В доме наступила тишина. Женщина подошла к окну, у которого сидели парень с девушкой, и прижалась к холодному стеклу лбом. Я смотрел на Маринчу, будто впервые его увидел. История Бошкова не выходила у меня из головы. Хотя на заставе я служил давно и хорошо знал Маринчу, но только теперь по-настоящему понял его.
Тут мне припомнился случай, который произошел незадолго до 23 августа. Почти все лето рыбаки жаловались, что время от времени кто-то таскает еду из их шалашей и рыбу из верш на берегу.
— Не иначе как пограничники балуют!

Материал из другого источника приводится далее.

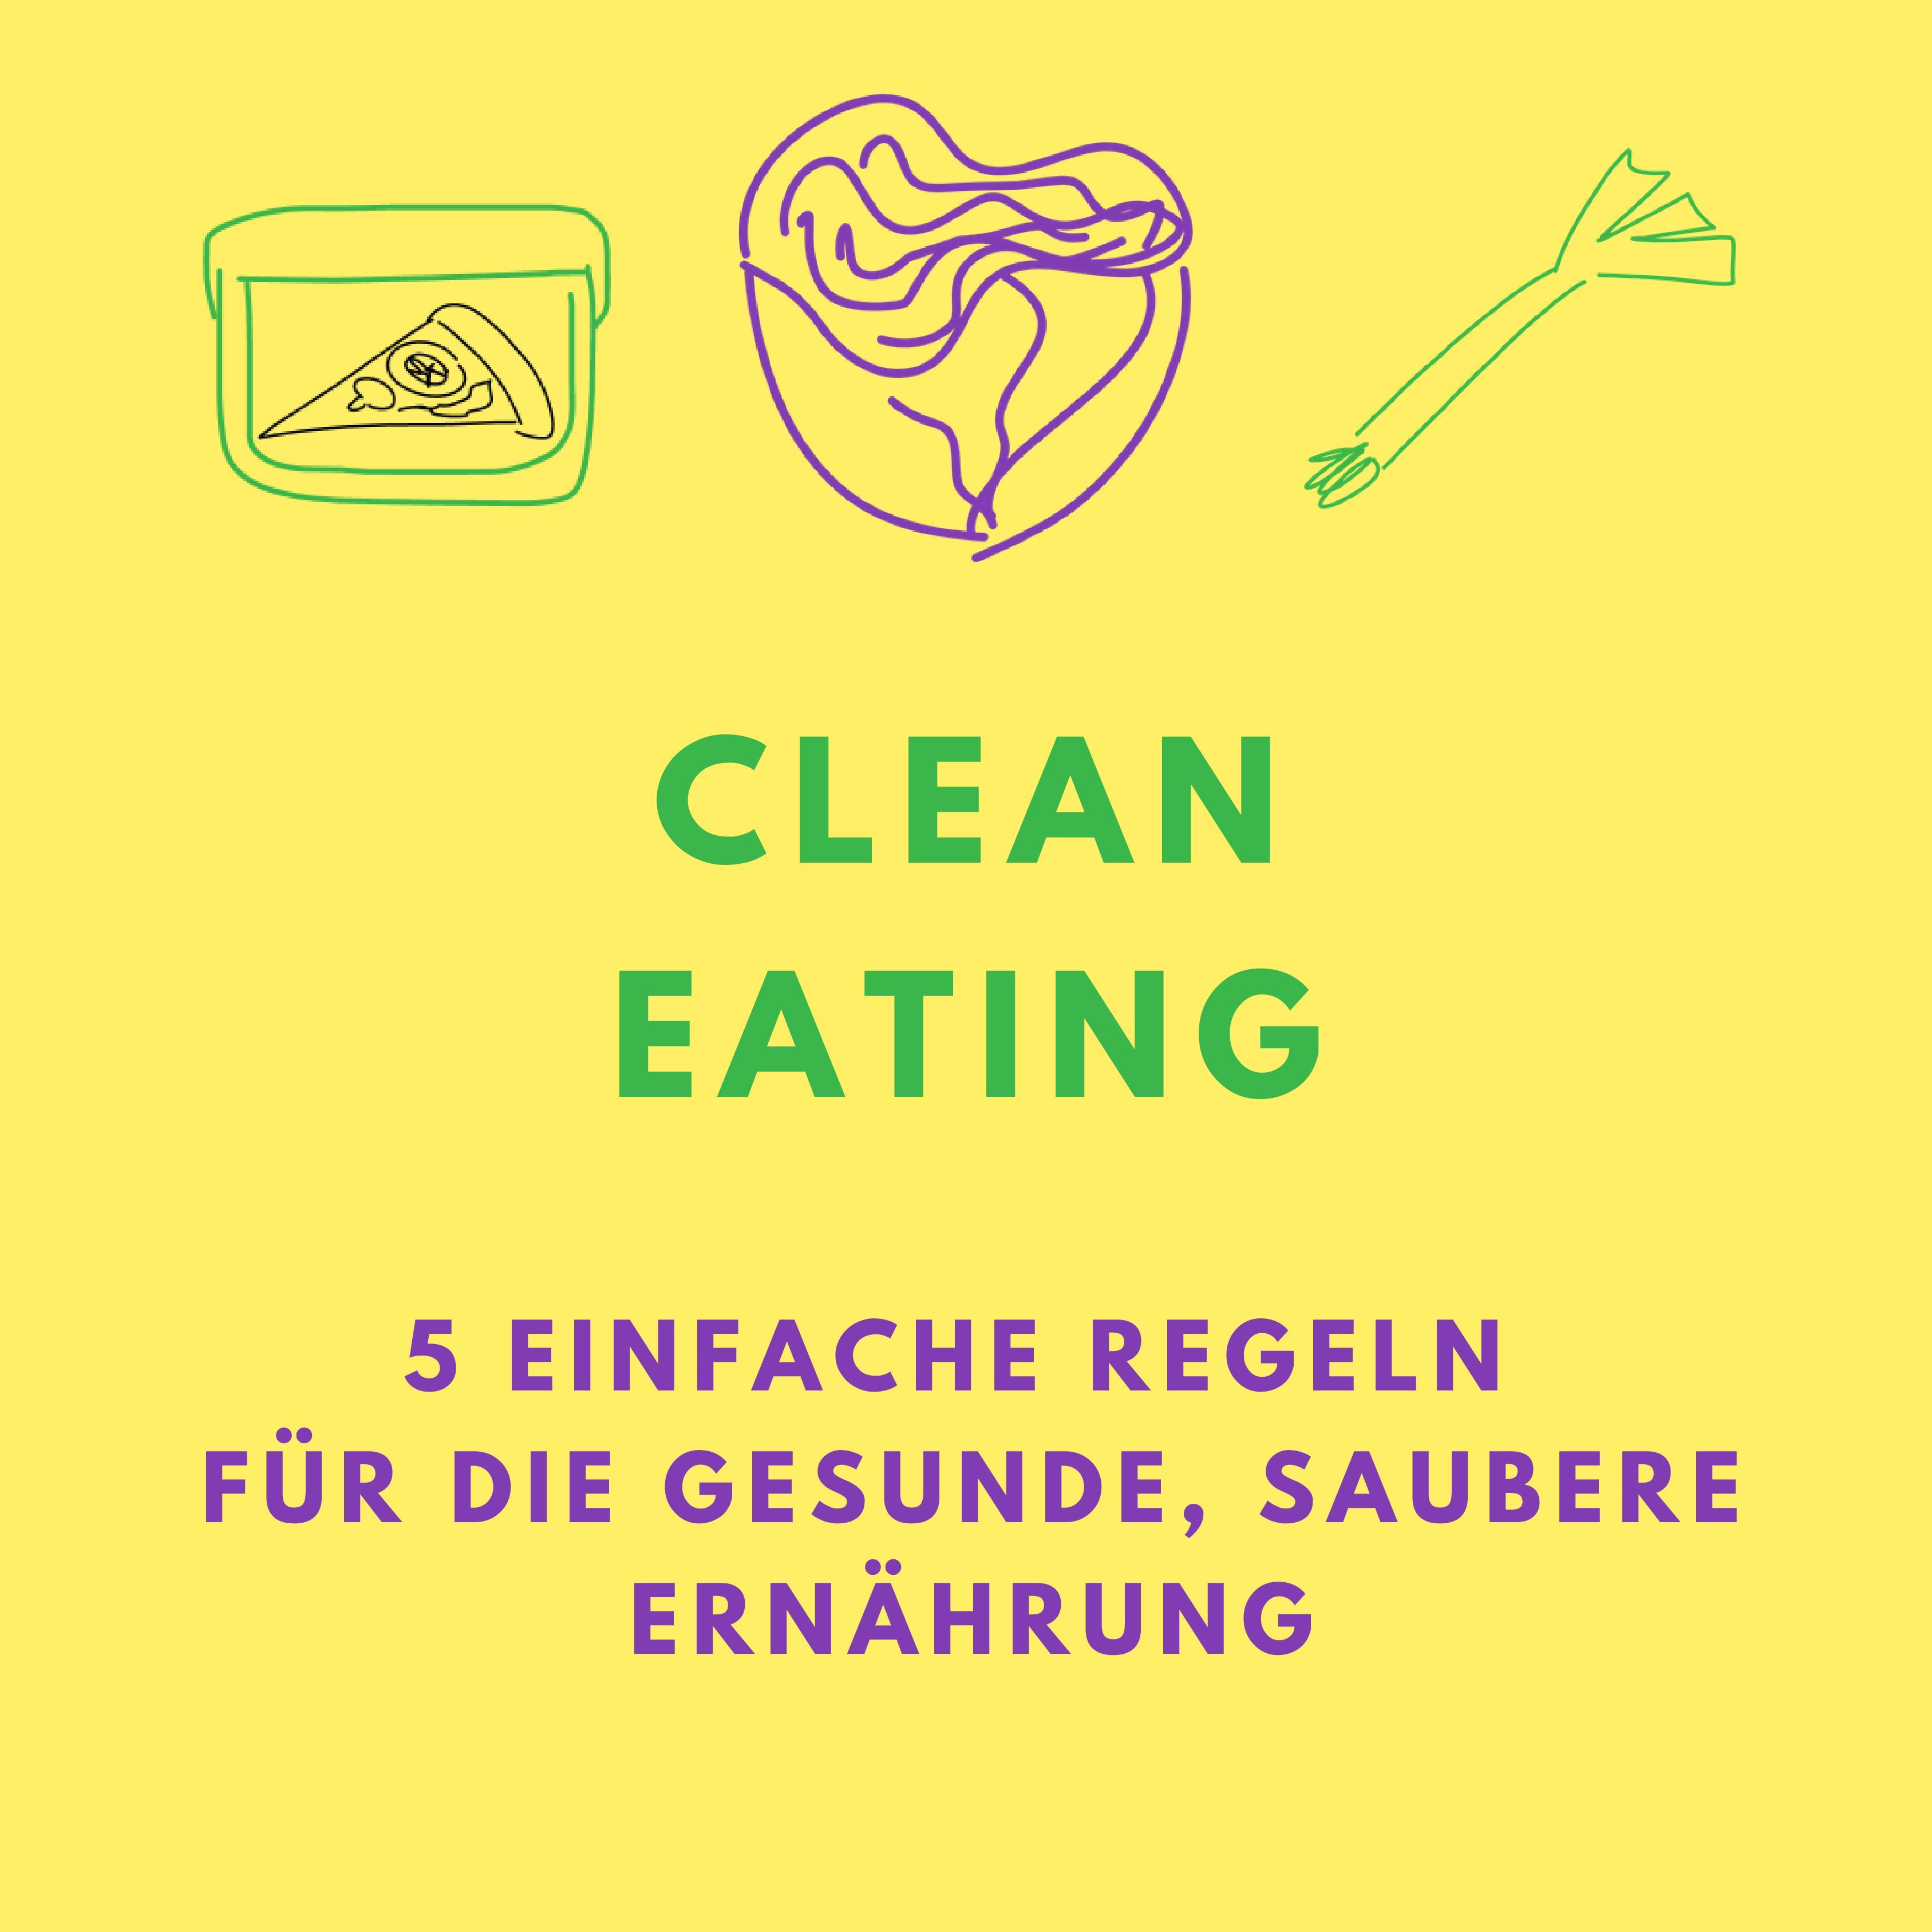 Clean Eating-Meal Prep-Meal Prep vegan-Ernährung für Vielbeschäftigte

Кому же еще быть! — возмущался однажды вечером Маринча. — Уж простите, — добавил он, — но разве мы не делимся с солдатами рыбой из богатого улова? А?
Возразить было нечего — он был прав: через каждые три — четыре дня мы ели уху из свежей рыбы. Однажды, когда рыбаки поймали сома килограммов на сто, все солдаты на заставе получили по большому куску вкусной жареной рыбы. Сначала я было попробовал разъяснить солдатам, с каким трудом добывают рыбаки свой кусок хлеба; потом, когда случаи воровства все же повторились, стал наказывать каждый патруль, во время дежурства которого совершалась кража.
Это раззадорило солдат. Несколько человек попросили меня назначить их в патруль вне очереди и послать к реке в промежуток между двумя другими патрулями. И вот через некоторое время ночью они поймали вора и привели его на заставу. Это был дезертир, человек из здешних мест: он укрывался то в кукурузе, то в прибрежных зарослях Дуная. Солдаты нашли его по беленькой струйке дыма, которая поднималась над кукурузным полем и была отчетливо видна при свете луны. Они захватили его в тот момент, когда он варил еще зеленую кукурузу.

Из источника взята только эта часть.